Значит, нашим политработникам особенно предусмотрительно нужно пользоваться сообщениями о победах, чтобы не получалось так, как в японскую кампанию.
В заключение митинга, устроенного в театре, выступил представитель местного комиссариата просвещения — молодой узкоплечий человек, одетый в черную учительскую тужурку.
— Мы относим к одному из нетерпимых явлений данного момента, — сказал он, — тот вандализм, который обнаруживается со стороны наших крестьян, рабочих-пролетариев и иной раз красноармейцев к ценнейшим творениям искусства. В огне гражданской войны без всякой надобности и пользы для революции растаскиваются или даже совсем уничтожаются драгоценные для всего человечества художественные произведения. Делается это вопреки воле коммунистической партии и ее вождей. Контрреволюционеры говорят, что русские большевики варвары, ничего не щадят.

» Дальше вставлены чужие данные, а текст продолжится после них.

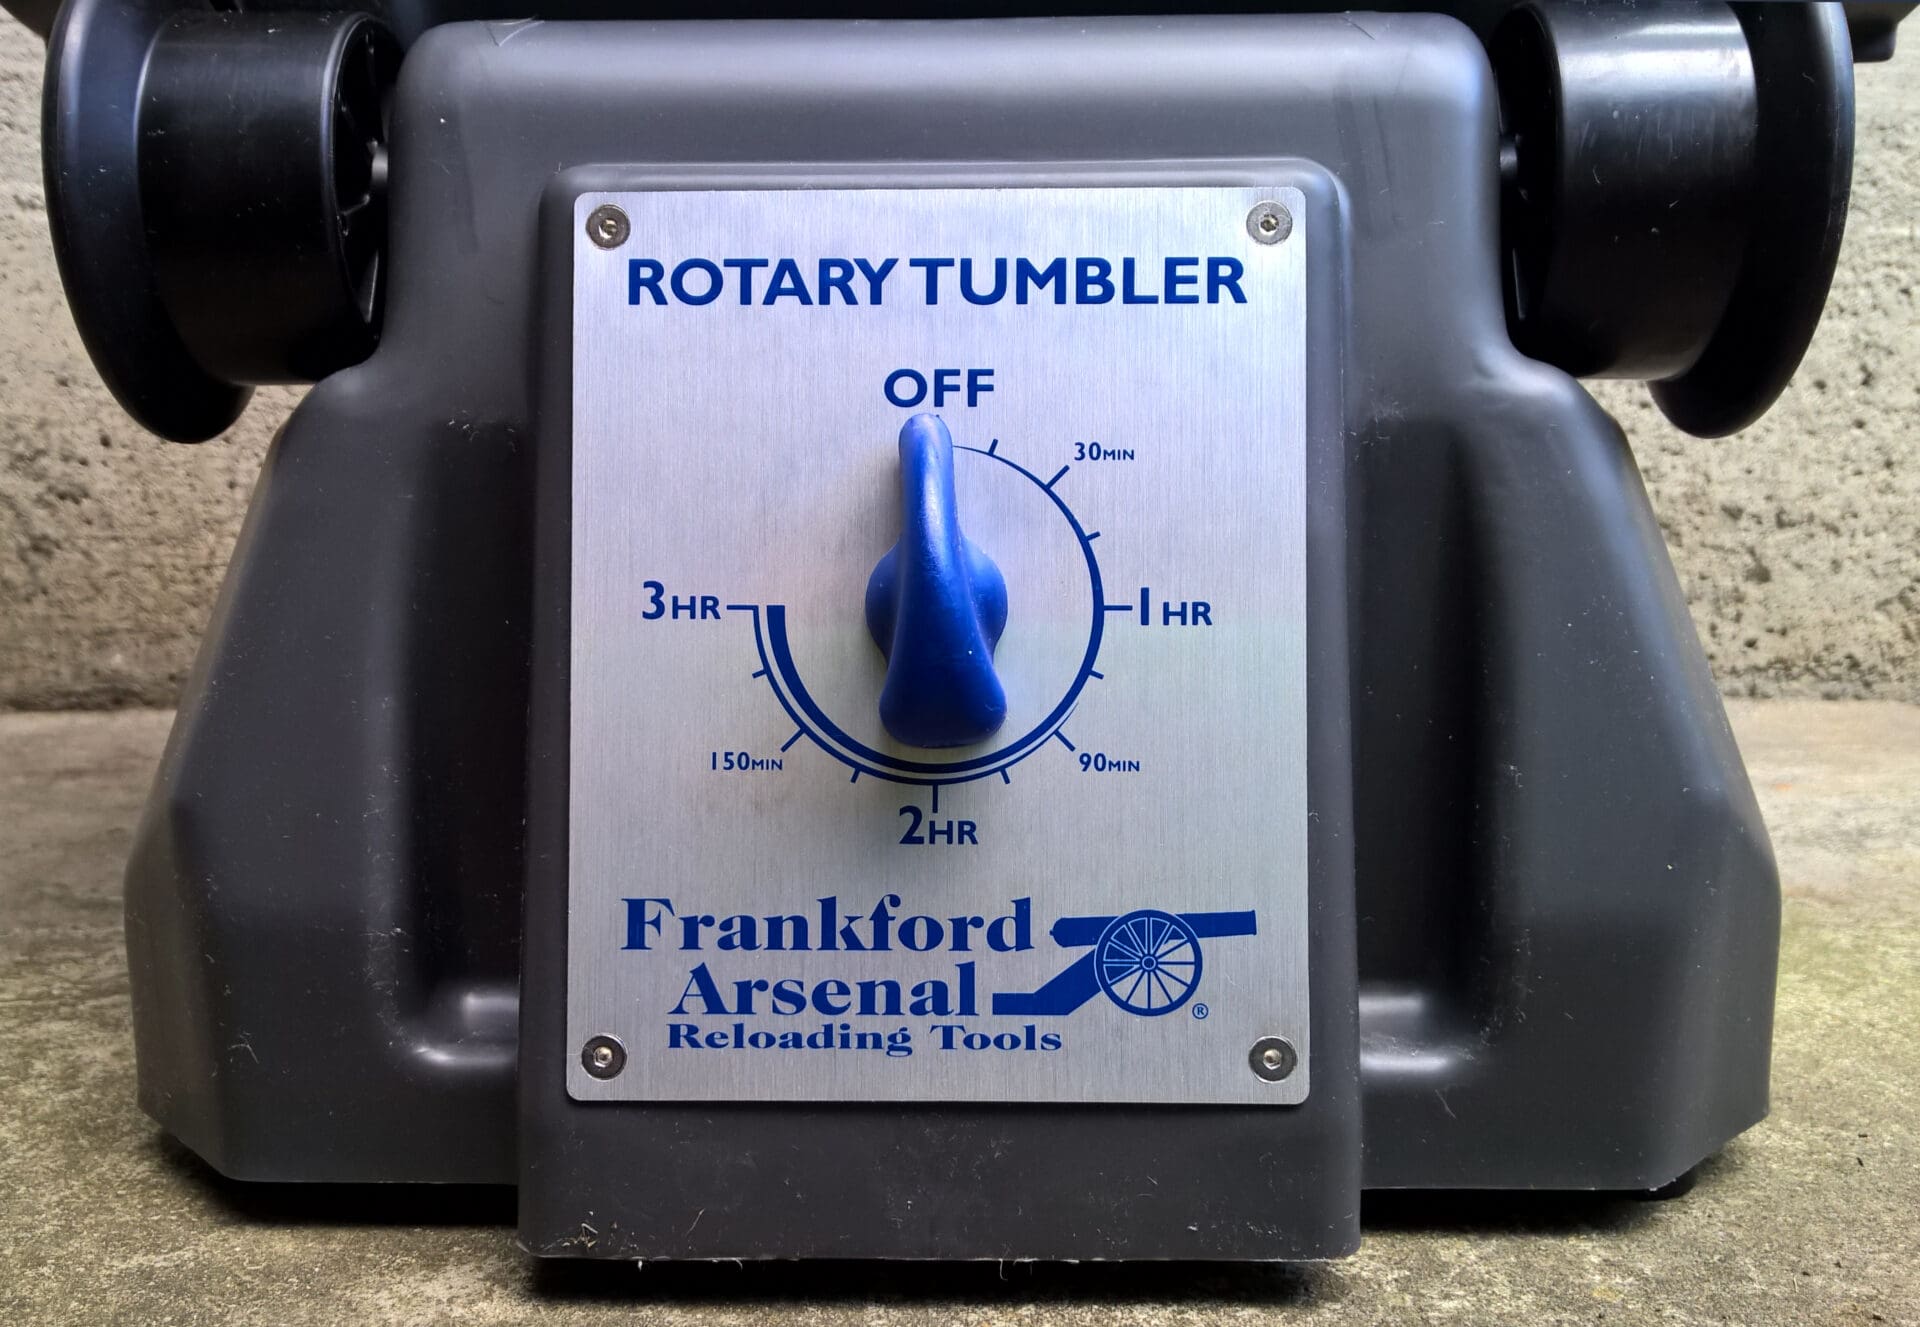 FrankFord Arsenal Introduces Platinum Series Rotary Tumbler
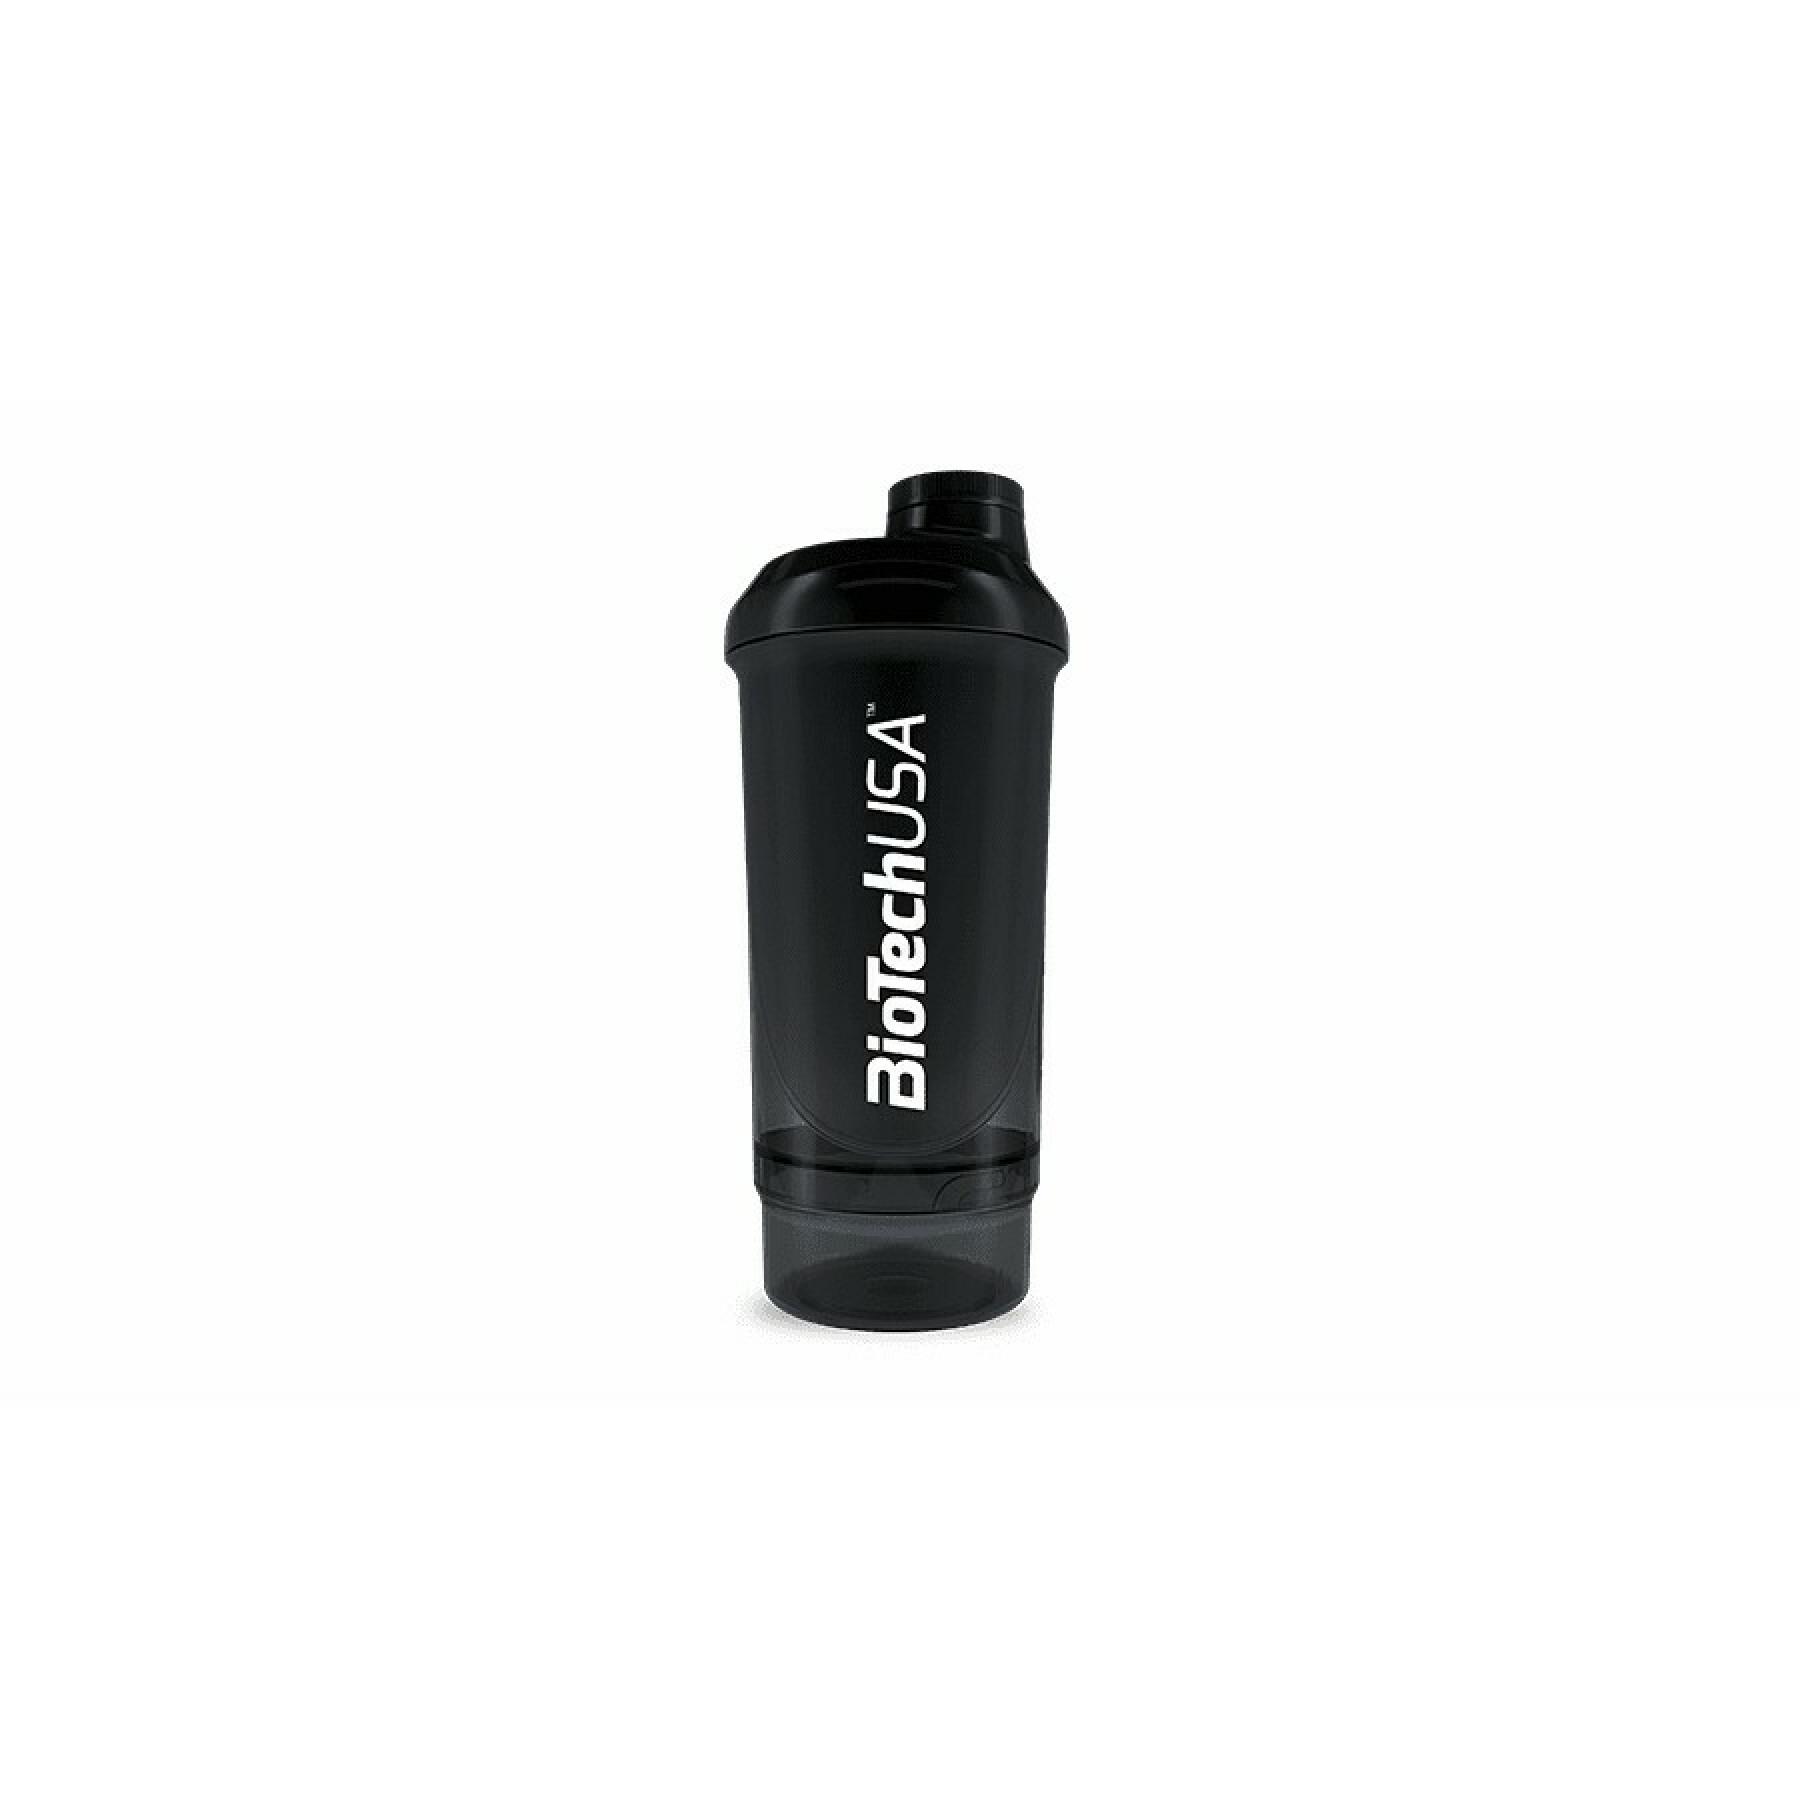 Set aus 68 Shakern Biotech USA wave+compact shaker - 500ml

Что этот вандализм явление чисто русского порядка. Но известно, что в период французской революции Конвент принимал немалые усилия, чтобы уберечь творения художественных умов, дать народу все, что до той поры было лишь доступно аристократии… Для этого деятели Конвента устраивали грандиозные публичные торжества, и, однако, стихийно разбушевавшиеся толпы французов без всякой жалости крушили предметы искусства. Это же самое мы наблюдали и наблюдаем в некоторых местах России. Мы сейчас стараемся приобщить пролетариат к искусству, привить ему понятия о ценности и красоте исторических памятников, художественных полотен, библиотек, дворцовых зданий… Луначарский и другие видные деятели партии читают лекции о литературе, о театре, о скульптуре, в Петрограде и Москве бывшие царские дворцы и княжеские особняки превращаются в музеи.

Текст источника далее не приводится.